• [DATA SHOWN]:
○ ○ ○

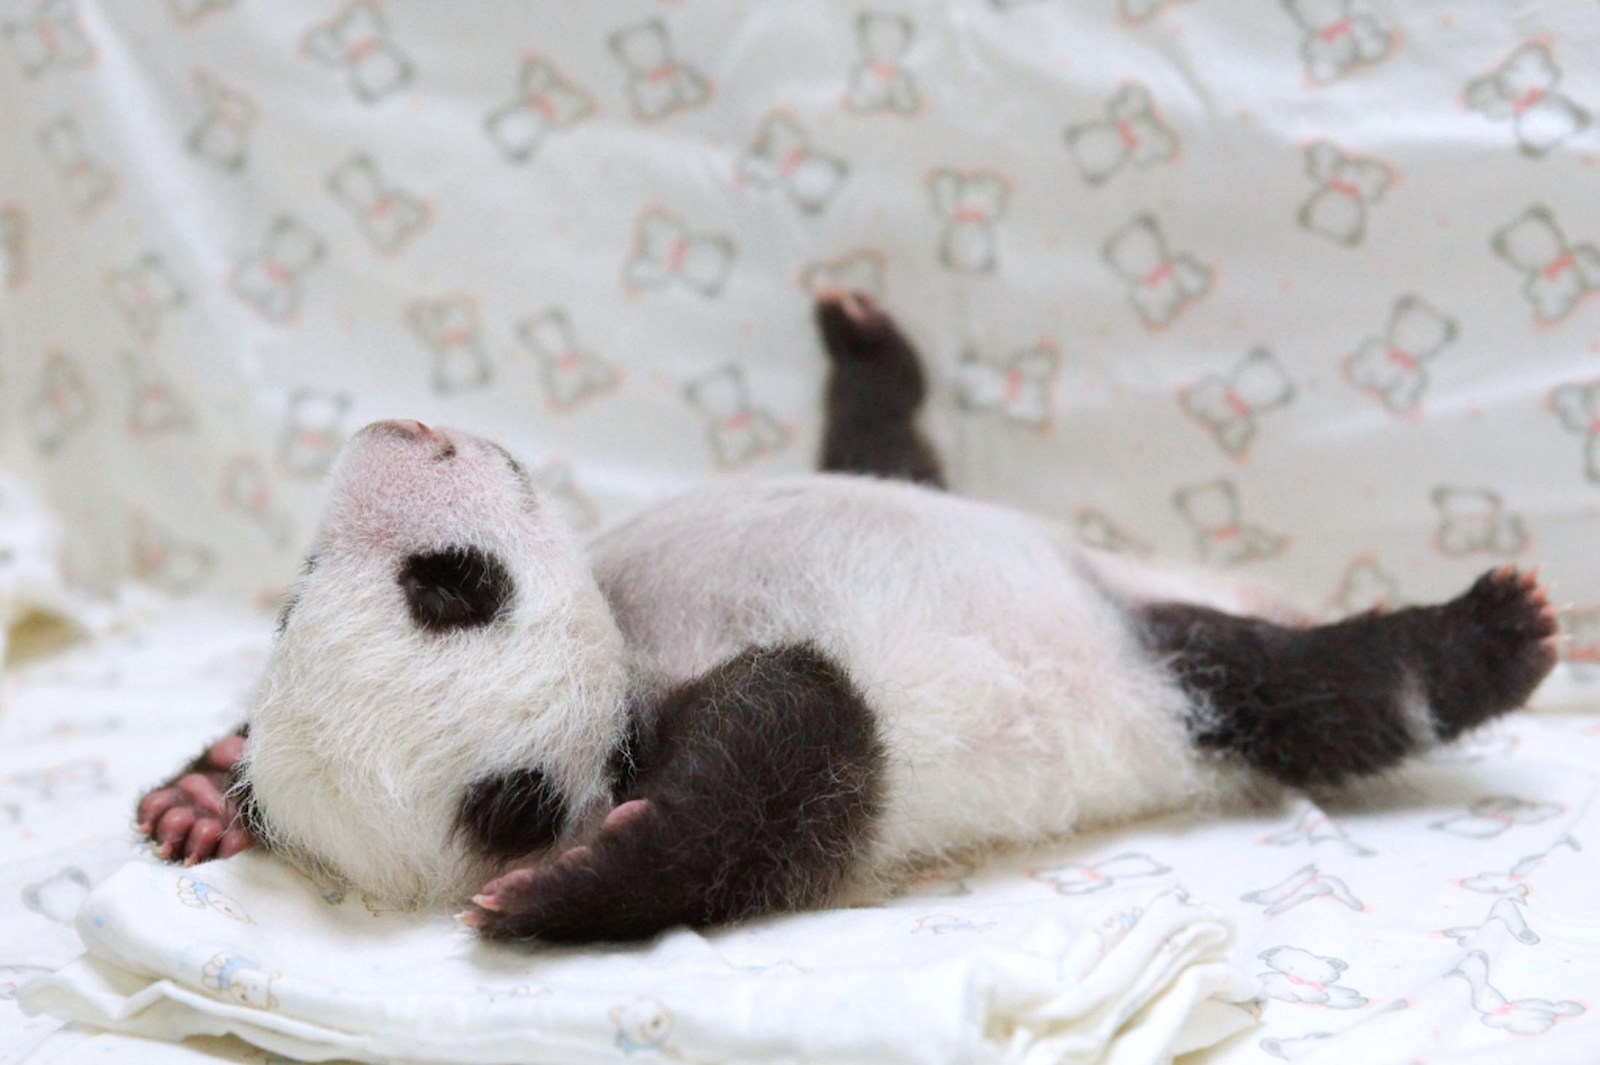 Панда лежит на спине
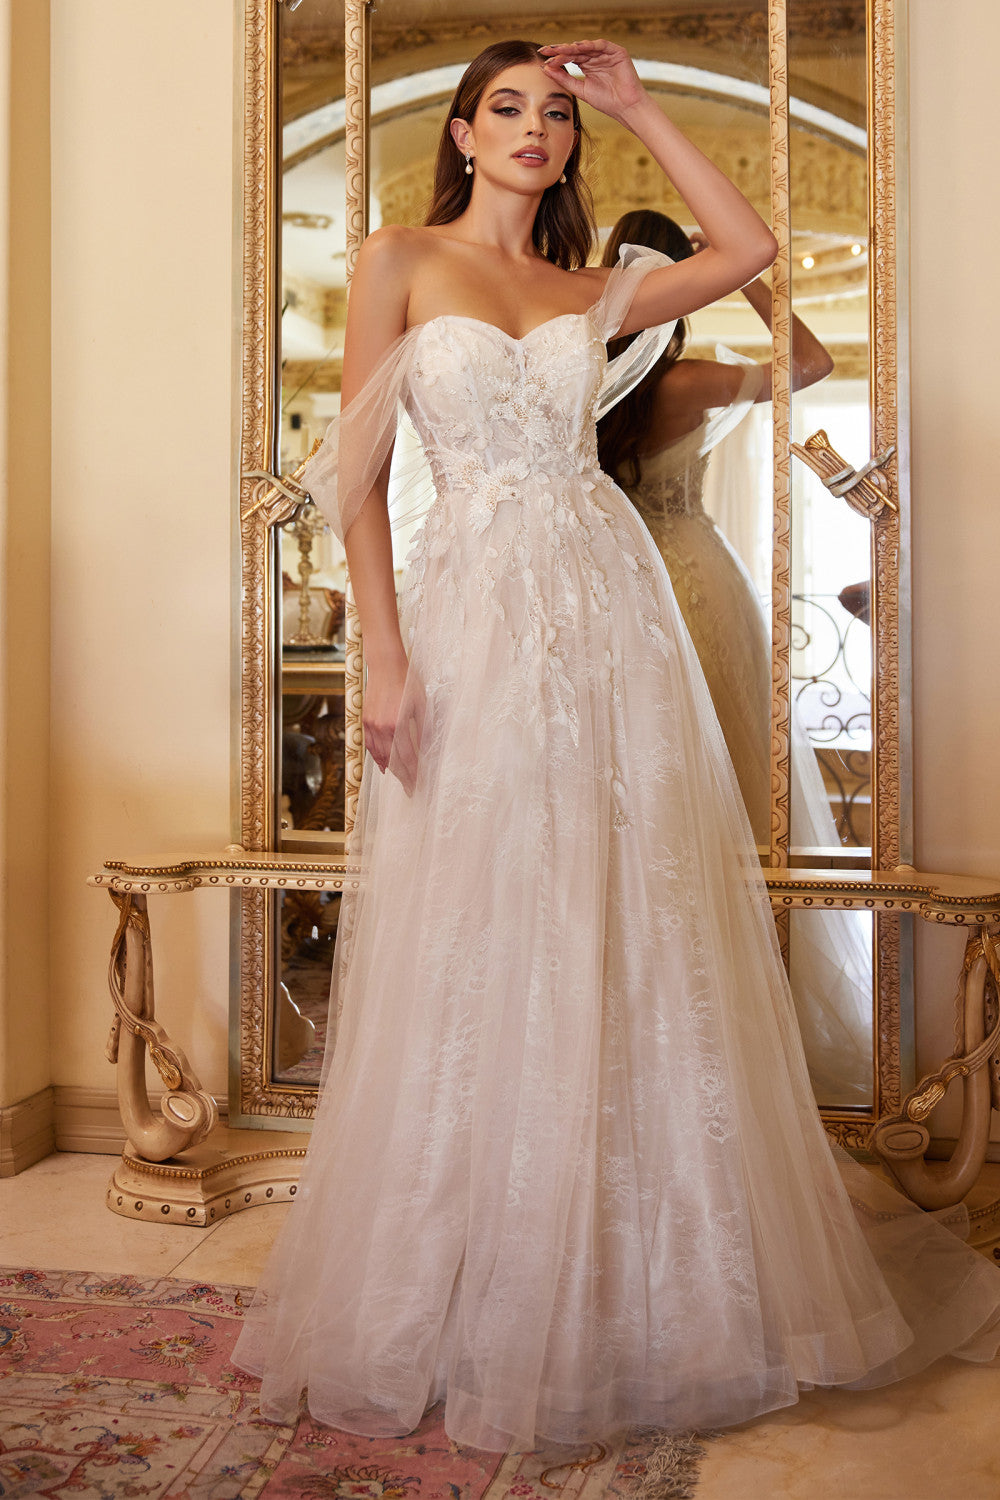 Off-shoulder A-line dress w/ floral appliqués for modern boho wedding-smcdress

○ ○ ○

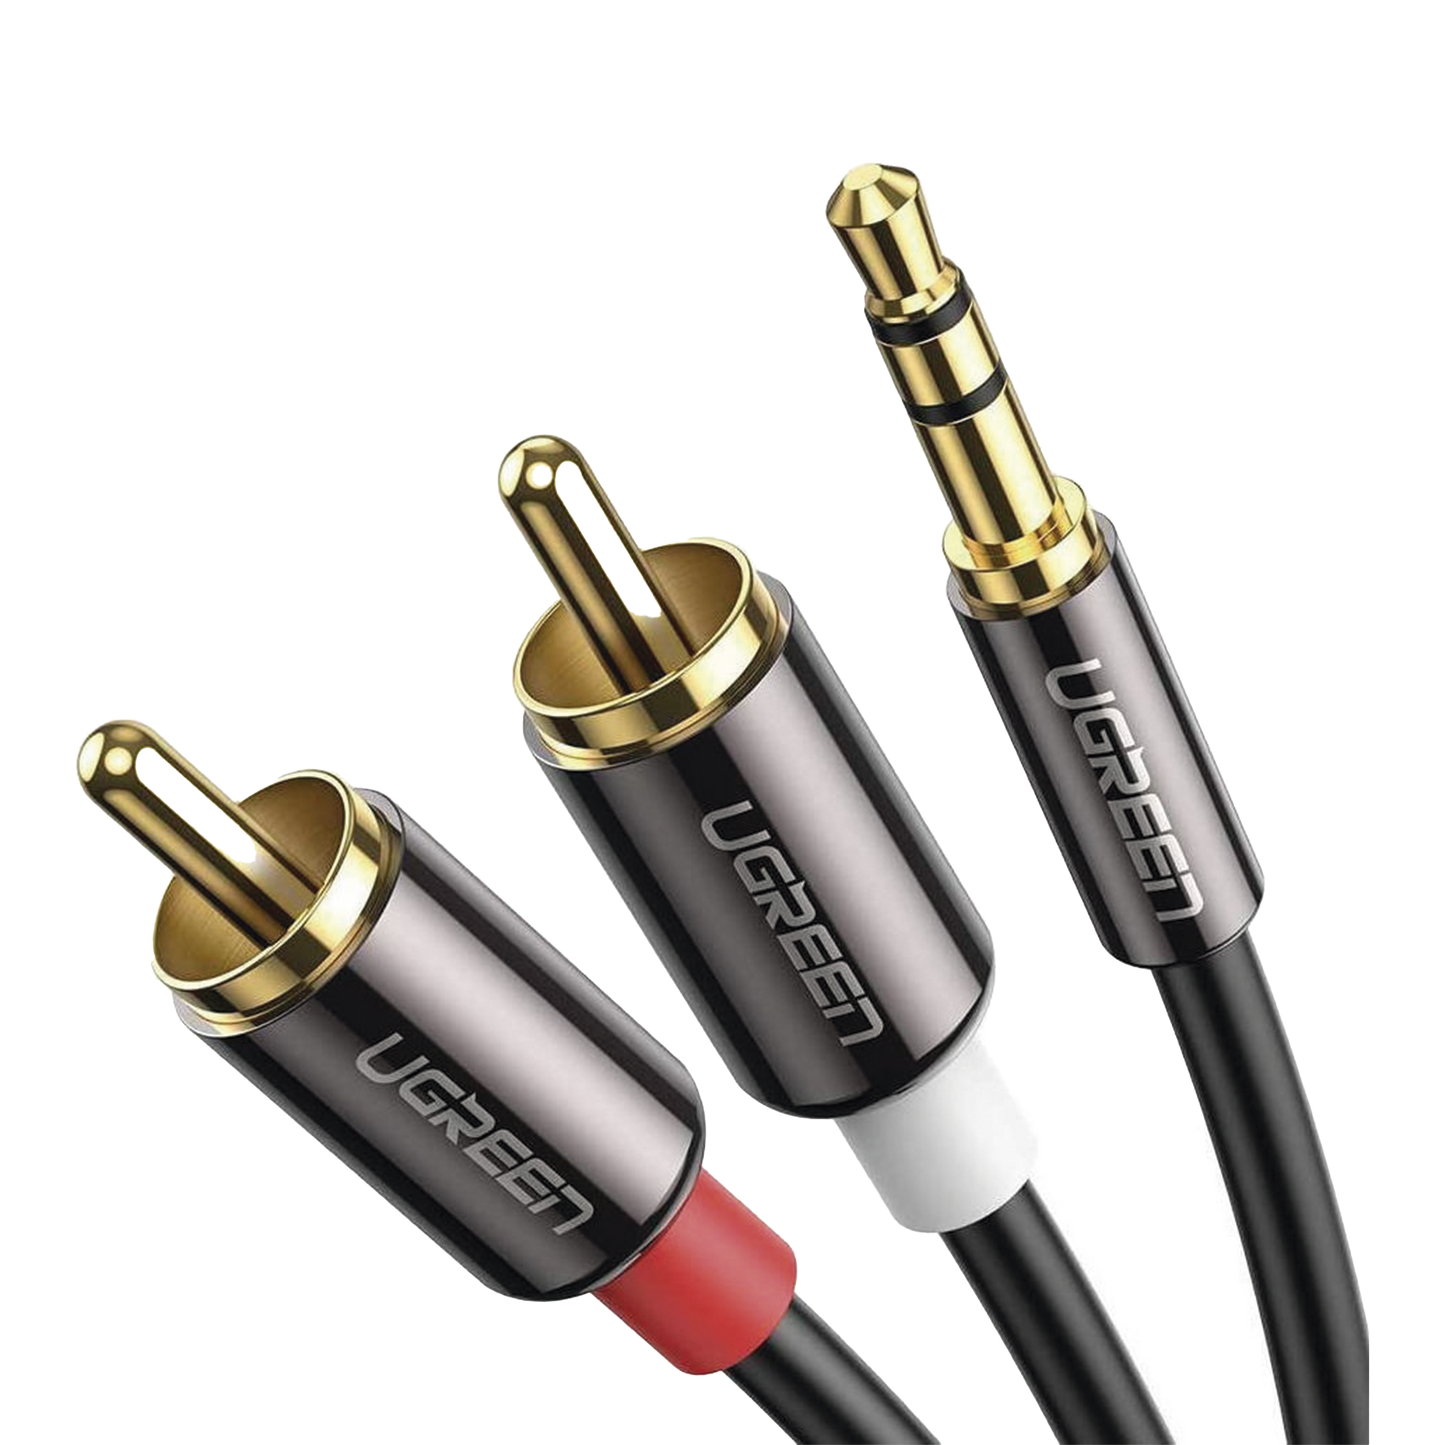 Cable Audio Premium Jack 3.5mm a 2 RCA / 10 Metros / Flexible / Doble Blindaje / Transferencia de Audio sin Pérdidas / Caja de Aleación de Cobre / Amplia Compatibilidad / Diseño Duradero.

○ ○ ○

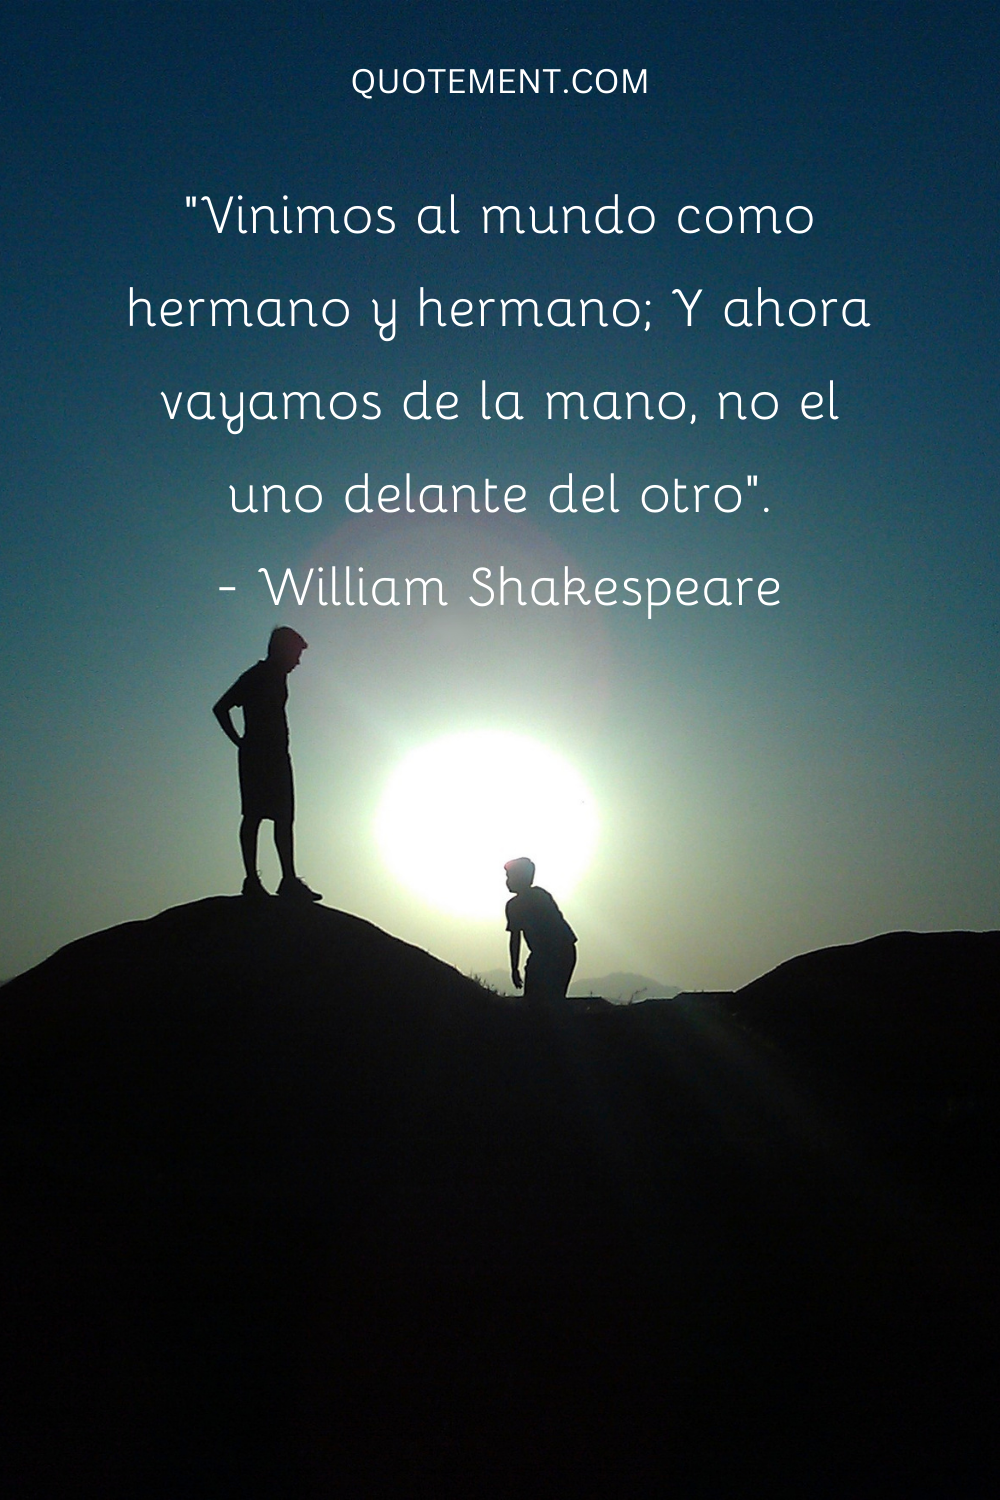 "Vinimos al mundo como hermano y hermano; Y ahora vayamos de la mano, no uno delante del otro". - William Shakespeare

○ ○ ○

In the data above, the stretch from the line with "Панда лежит на спине" through the line with "Off-shoulder A-line dress" is to be returned exactly, minus any pictures.

• [SOLUTION FOR THIS EXERCISE]:
 Панда лежит на спине
 Off-shoulder A-line dress w/ floral appliqués for modern boho wedding-smcdress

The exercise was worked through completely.